А сегодня около двенадцати часов дня с Круглого Мыса ему сообщили, что Нам Чху Чо погибла в результате несчастного случая. Он немедленно отправился туда. Покойница лежала уже в бараке, где размещались рыбаки. Лицо ее было закрыто куском белой ткани, в комнате курились ароматные палочки. Хозяин фирмы был в отъезде, и Камати встречали его жена, старшина Тада и его помощник Сюдзи.
— Муж приказал, чтобы в случае какого-нибудь происшествия я немедленно известила вас. Но я впервые сталкиваюсь с таким делом и совершенно растерялась, — извиняющимся тоном затараторила жена хозяина фирмы. — Правда, господин доктор, уезжая, заверил меня, что свяжется с полицией и сообщит о происшествии.
— Однако он мне ничего не сообщал, — не скрывая недовольства, ответил Камати.
Из дополнявших друг друга заявлений Тада и Сюдзи вырисовывалась не совсем ясная картина происшествия.
Сегодня они, как обычно, сели в лодку с ама и направились в море. На всех лодках фирмы работают одни корейцы. Их лодка, на которой работали два японца и кореянка-ама, была единственным исключением. Как всегда, они остановились восточнее острова Окисинэ и начали работать. Примерно через час вдруг отказал воздушный компрессор. Прекратилась подача воздуха. Сюдзи, узнав об этом по аварийным сигналам, громко крикнул о происшествии старшине. Тот в это время возился с гафелем, укрепленным на корме, стараясь повернуть лодку носом к ветру. Услышав об аварии, Тада бросился к запасному баллону. Лодку сильно закачало, но он, не обращая на это внимания, открыл кран запасного баллона; сжатый воздух хлынул через очиститель в шланг. На это ушли какие-нибудь секунды. «Уф! Обошлось!» — облегченно вздохнув, проговорил Тада. Однако запасного воздуха из баллона хватает всего на десять минут. Следовательно, нужно было немедленно начать подъем Нам Чху Чо, работавшей на глубине более тридцати метров. И Сюдзи с помощью Тада начал поспешно поднимать Нам Чху Чо наверх. Но во время подъема тело ее неожиданно вдруг отяжелело, словно у нее ноги свело судорогой. Казалось, что она даже сопротивляется подъему и стремится снова опуститься на дно. Некоторое время пришлось преодолевать это сопротивление.
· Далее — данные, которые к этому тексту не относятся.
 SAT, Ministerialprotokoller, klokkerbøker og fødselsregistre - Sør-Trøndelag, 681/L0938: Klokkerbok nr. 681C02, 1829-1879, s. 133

Вытащить ее удалось, но, когда с нее сняли водолазный костюм, она уже не дышала. Пульса не было. Все произошло как-то ужасно быстро.
Сюдзи прилагал отчаянные усилия, чтобы привести ее в чувство с помощью искусственного дыхания, а Тада погнал лодку к Круглому Мысу. На берегу ей снова стали делать искусственное дыхание, и из Хитакацу вызвали врача.
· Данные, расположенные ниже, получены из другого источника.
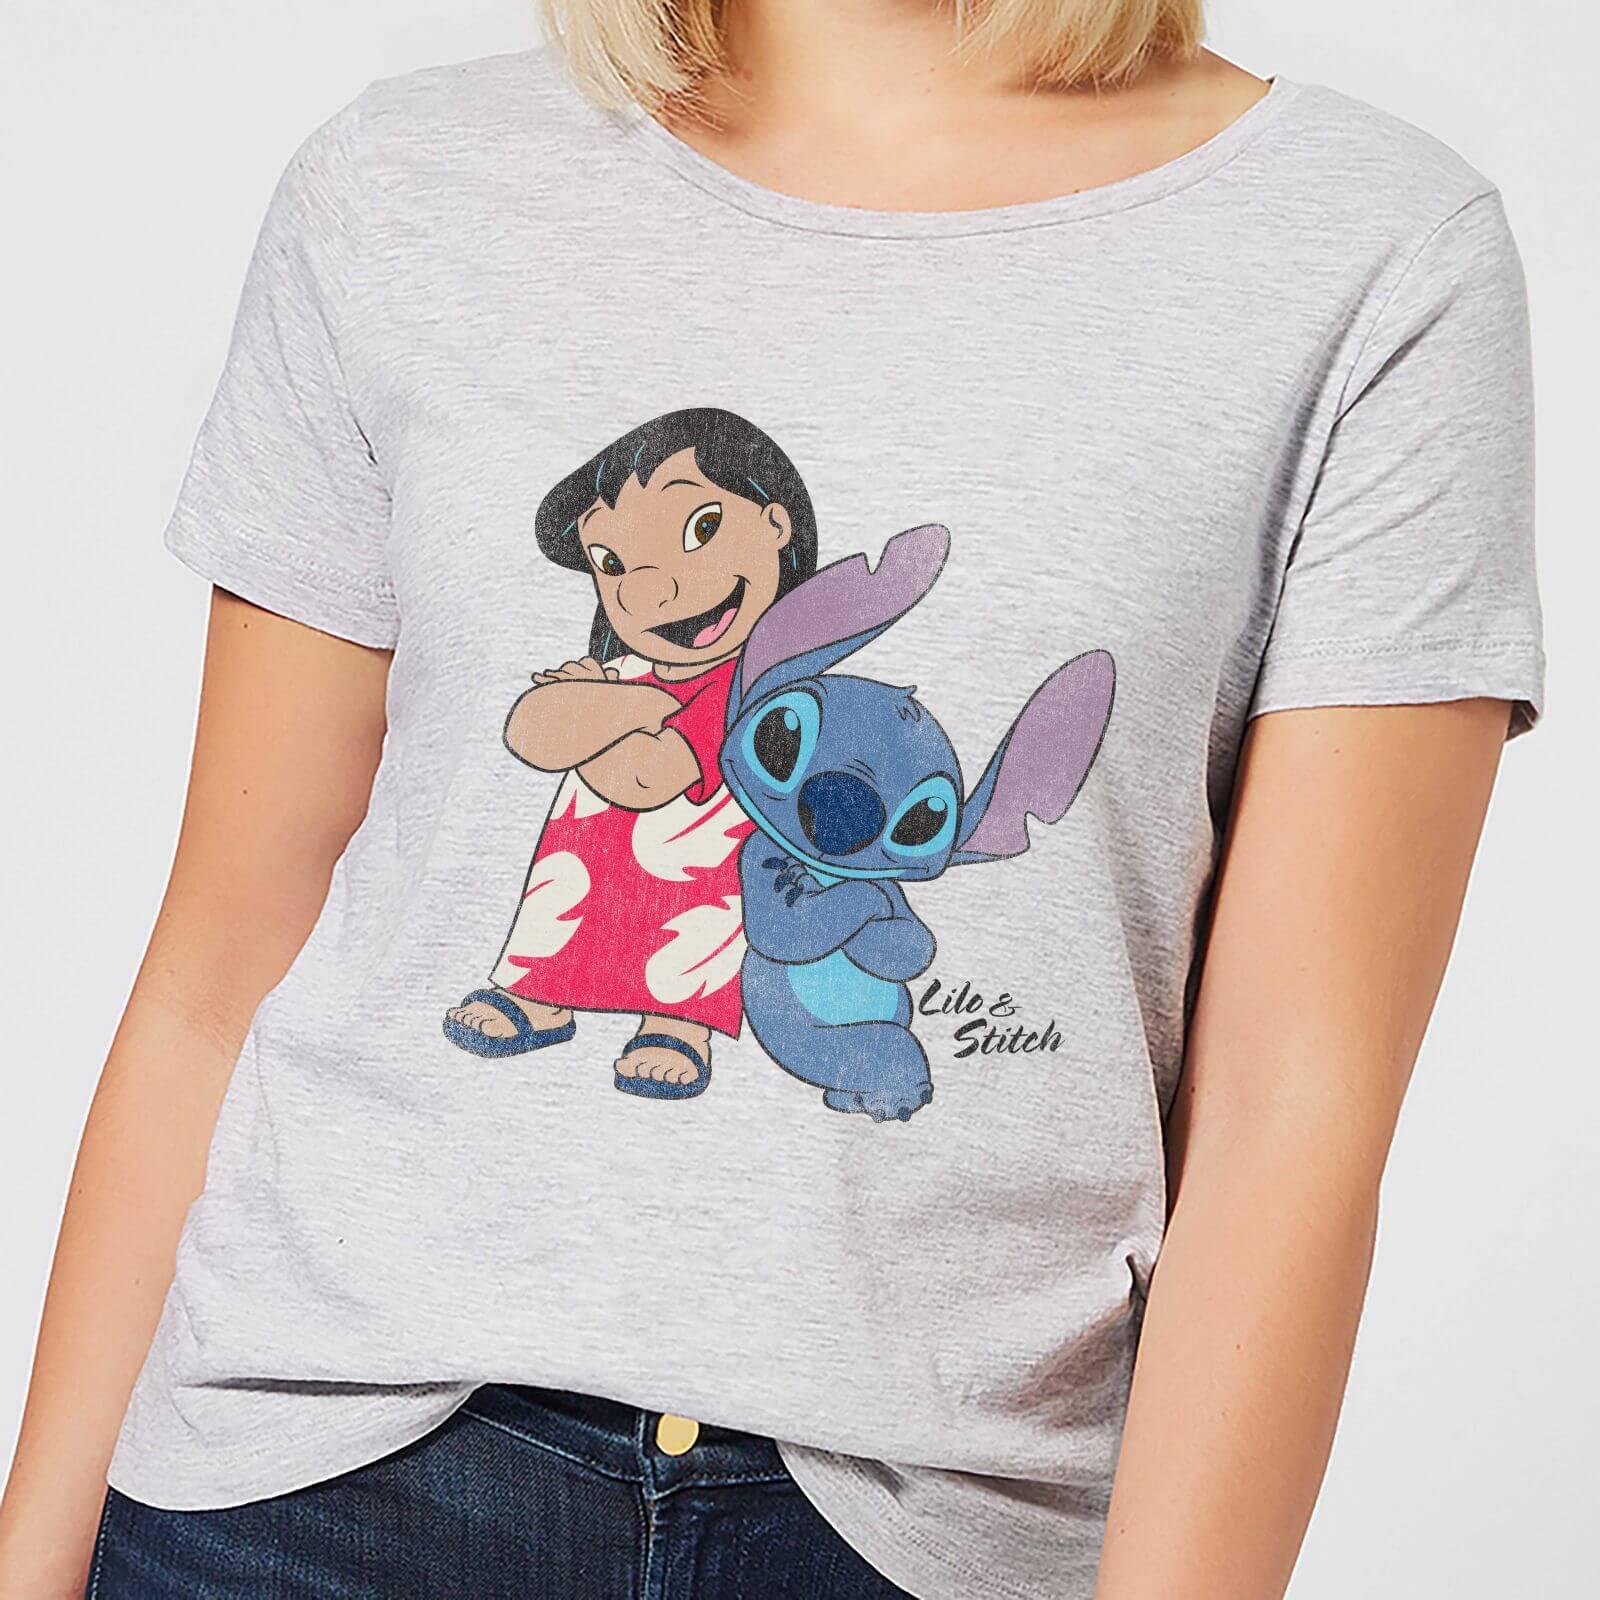 Lilo Stitch Femme Disney Shirt T Et Gris 3LR4Aj5q

Едва взглянув на безжизненное лицо женщины, врач безнадежно вздохнул.
— Э, да у нее ведь был заложен нос! Напрасно она с насморком полезла в воду.
И врачу и всем собравшимся здесь было известно, насколько насморк опасен для водолаза. Бывали случаи, когда такая простуда вдруг сильно затрудняла дыхание и приводила к смерти от удушья, хотя компрессор и работал нормально. Опытные ама были осторожны и с насморком ни за что не опускались под воду. А Нам Чху Чо, казалось, все было безразлично, она продолжала работать, несмотря на простуду…
Камати смутно почувствовал нечто вроде угрызений совести. Нам Чху Чо могла выйти на работу в порыве негодования после вчерашнего допроса. Но ведь тогда это равносильно самоубийству. Однако Камати огорчал не столько сам этот факт, сколько мысль о том, что теперь он навсегда лишился важных показаний.
— До конца сезона оставалось каких-нибудь десять дней, вот она и работала несмотря ни на что.